Mon cœur battait fort depuis que je l’avais vu couché sur le lit avec une blessure par balle, tachant les draps. Je ne savais pas pourquoi je m’en souciais à ce point, mais ça semblait pire quand vous connaissiez le gars.
Et je ne le connaissais pas vraiment, mais je m’étais occupée de sa mère pendant presque trois mois et elle parlait de ses enfants tout le temps.
Ses paupières papillonnèrent et il se concentra sur moi et grogna.
— Ne bougez pas, l’avertis-je. Je sais que ça fait mal. Ne vous inquiétez pas. Nous allons nous occuper de vous, Giovanni.

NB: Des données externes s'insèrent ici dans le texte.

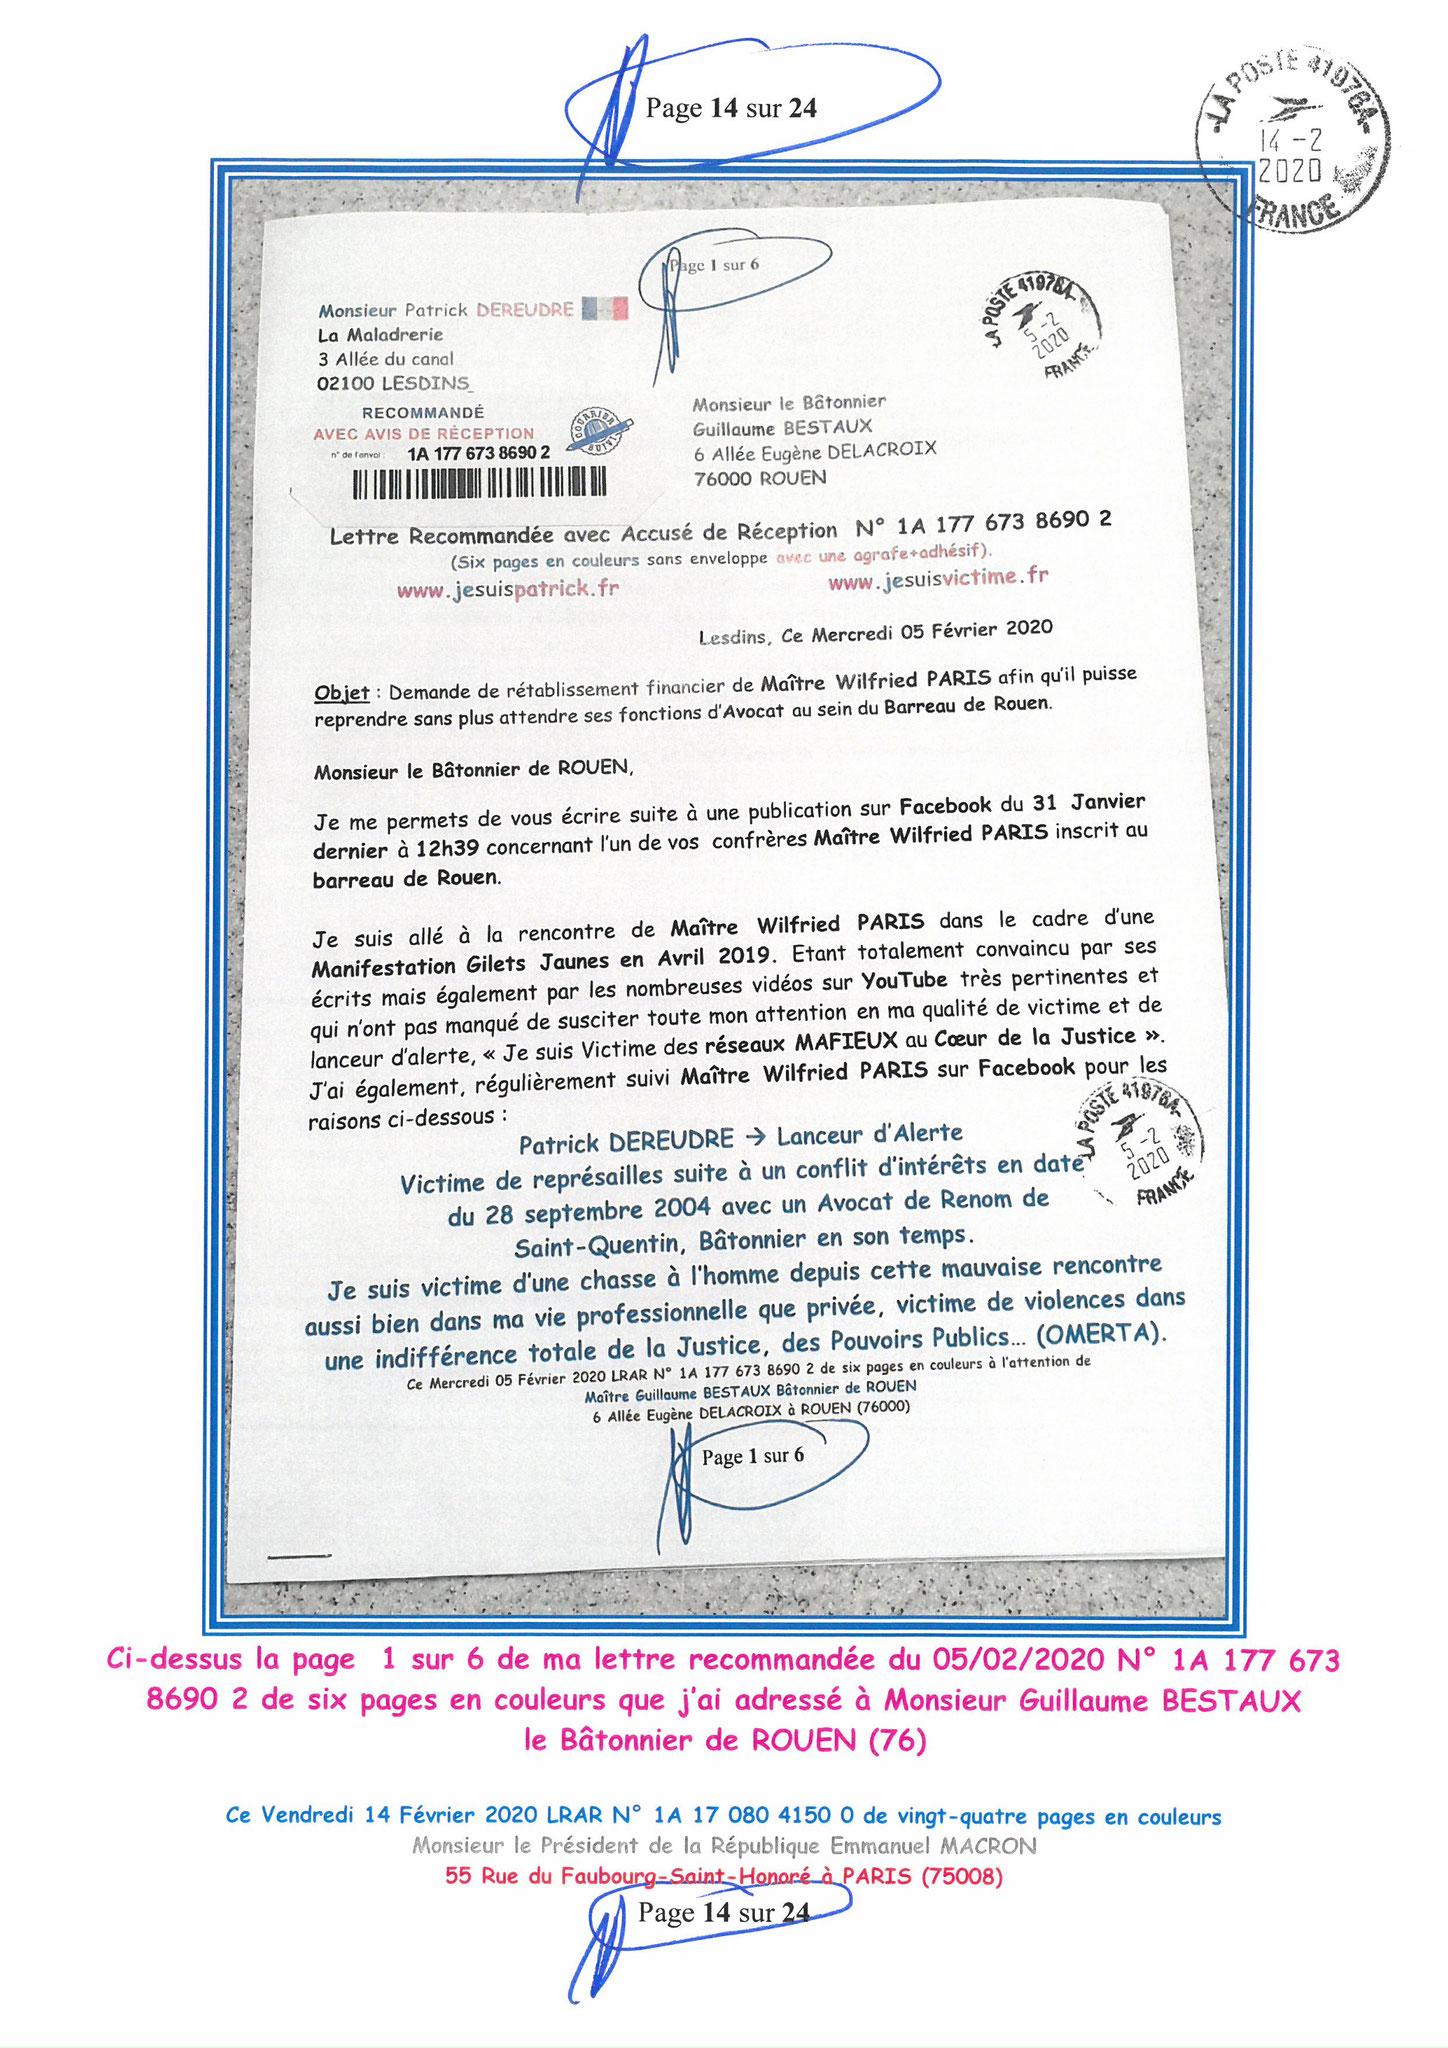 Ma lettre recommandée du 14 Février 2020 N° 1A 178 082 4150 0  page 14 sur 24 en couleur que j'ai adressé à Monsieur Emmanuel MACRON le Président de la République www.jesuispatrick.fr

— Gio, gronda Junior près de moi.
— Il se fait appeler Gio. Compris, dis-je en me redressant pour le regarder. Écoutez, je ne peux pas faire grand-chose avant que vous m’ayez trouvé le matériel. Je ne veux pas suturer la blessure avant de l’avoir nettoyée. Je pense qu’il restera relativement stable si nous l’empêchons de bouger.
Junior hocha la tête.
— Paolo s’occupe du matériel.
Et puisqu’il n’y avait rien à faire d’autre qu’attendre, je décidai de faire sentir mon mécontentement.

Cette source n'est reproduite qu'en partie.